START Data

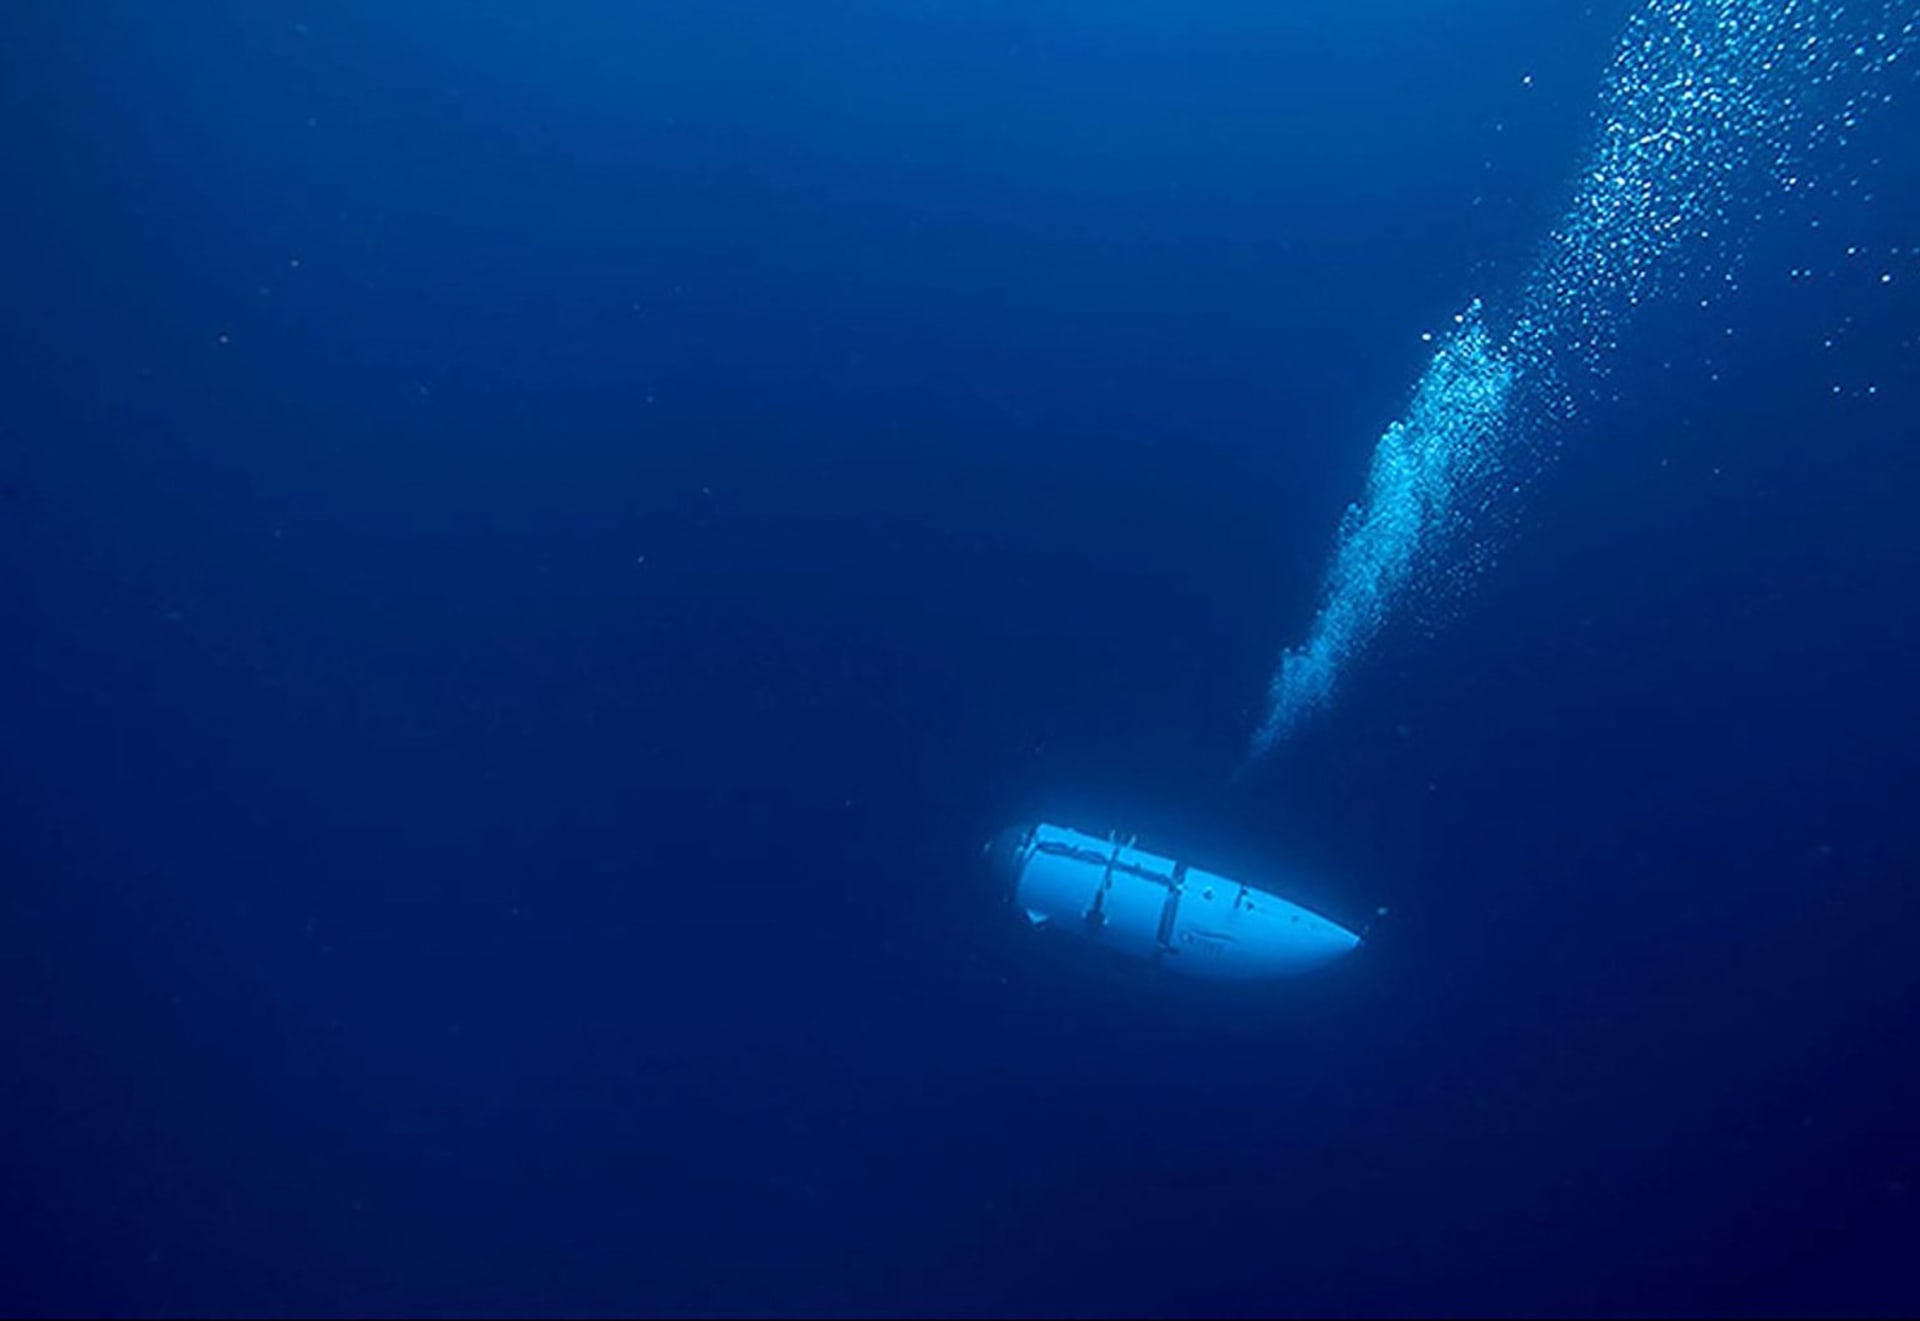 Ponorka Titan společnosti OceanGate Expeditions během klesání k mořskému dnu
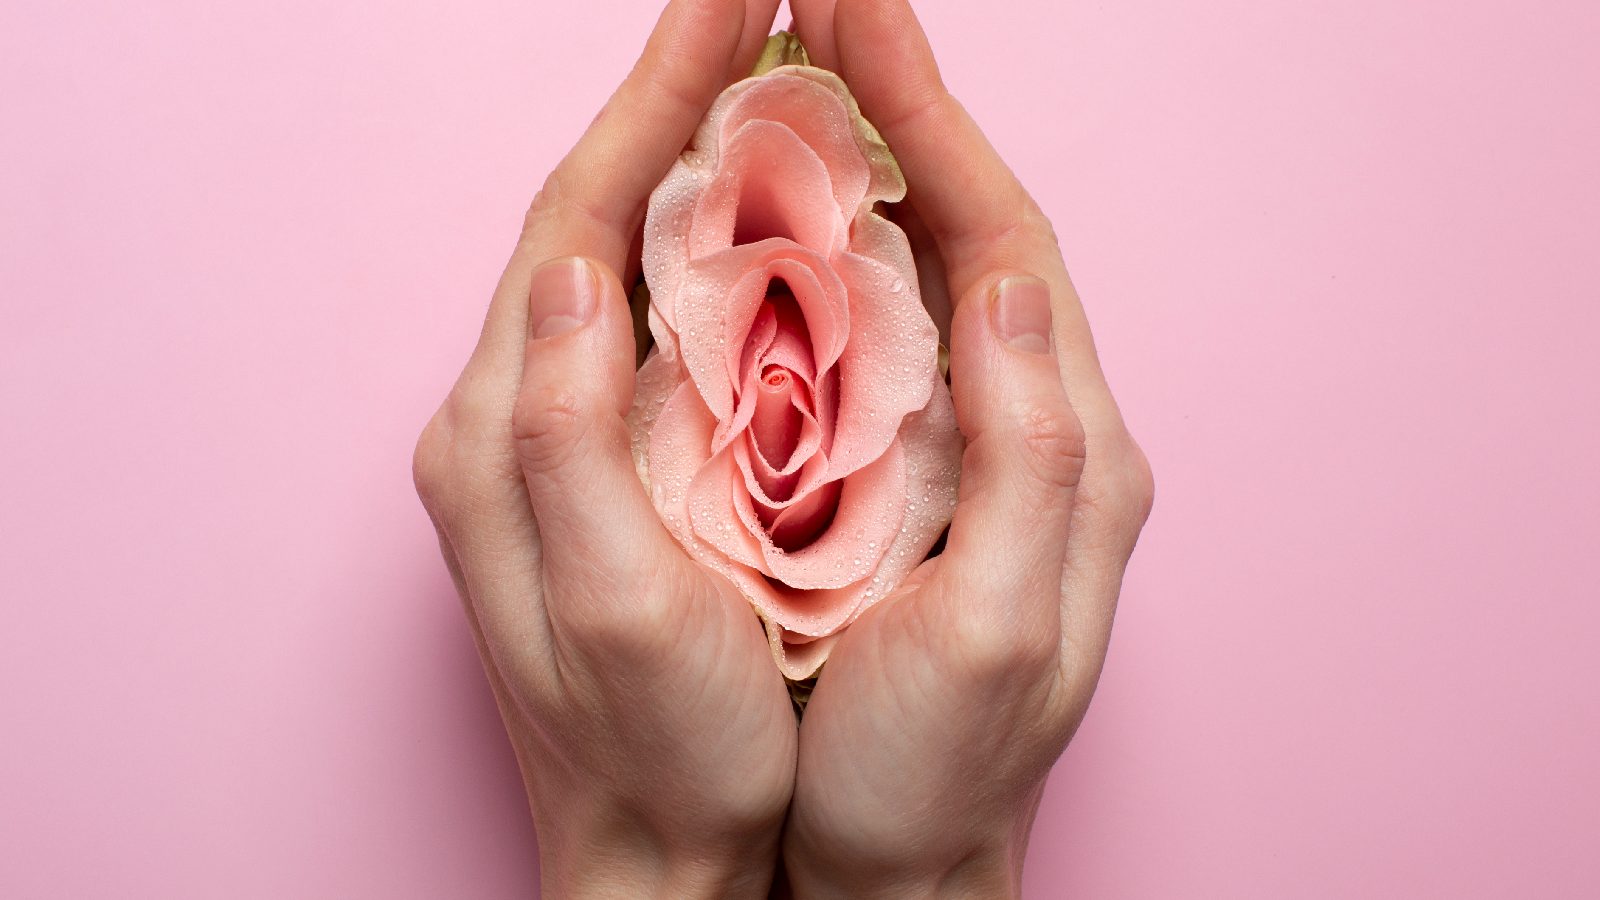 इंटरकोर्स के बाद योनि में खुजली के लिए जिम्मेदार हो सकते हैं ये 5 कारण, जानें इससे राहत का तरीका
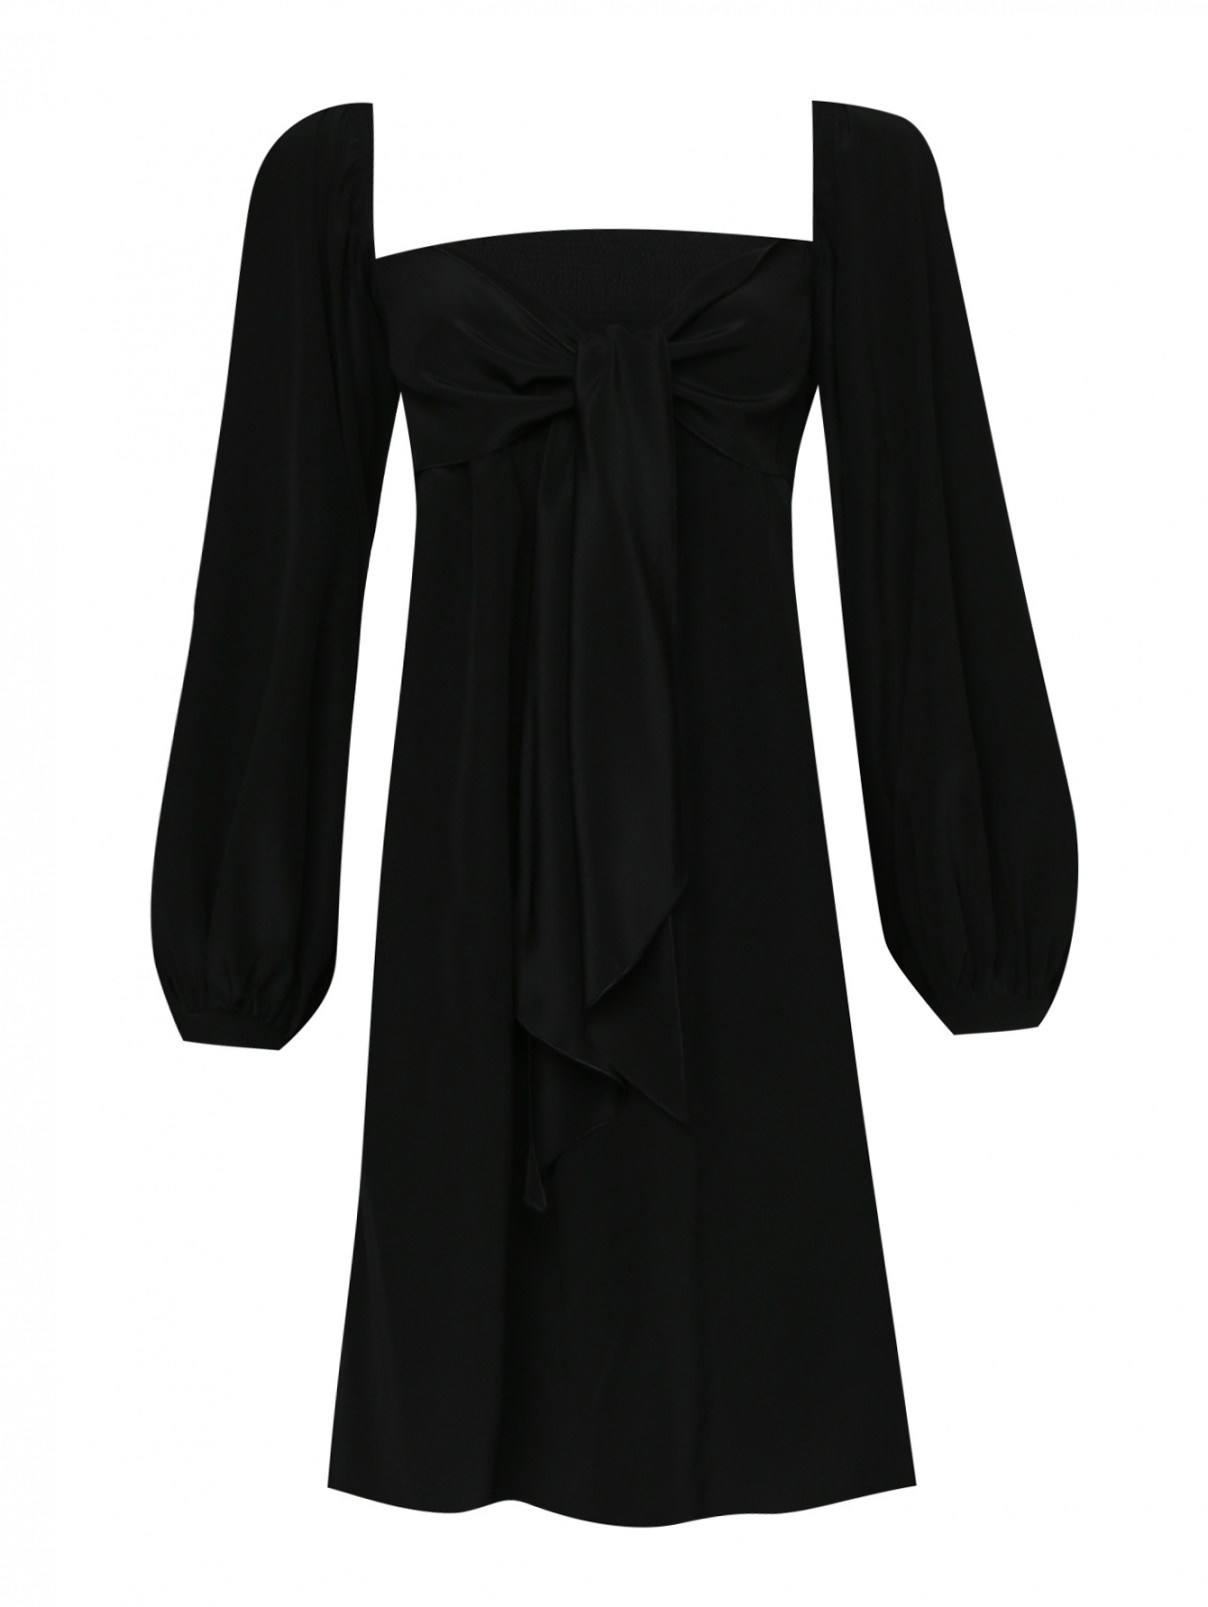 Платье из шелка с открытыми плечами Dorothee Schumacher  –  Общий вид  – Цвет:  Черный

END Data

- _Work item_
Repeat verbatim the lines from the one with "इंटरकोर्स के बाद" through the end of the listing above. Include both ends, add nothing, and exclude the pictures.

- _Response to this task_
 इंटरकोर्स के बाद योनि में खुजली के लिए जिम्मेदार हो सकते हैं ये 5 कारण, जानें इससे राहत का तरीका
 Платье из шелка с открытыми плечами Dorothee Schumacher  –  Общий вид  – Цвет:  Черный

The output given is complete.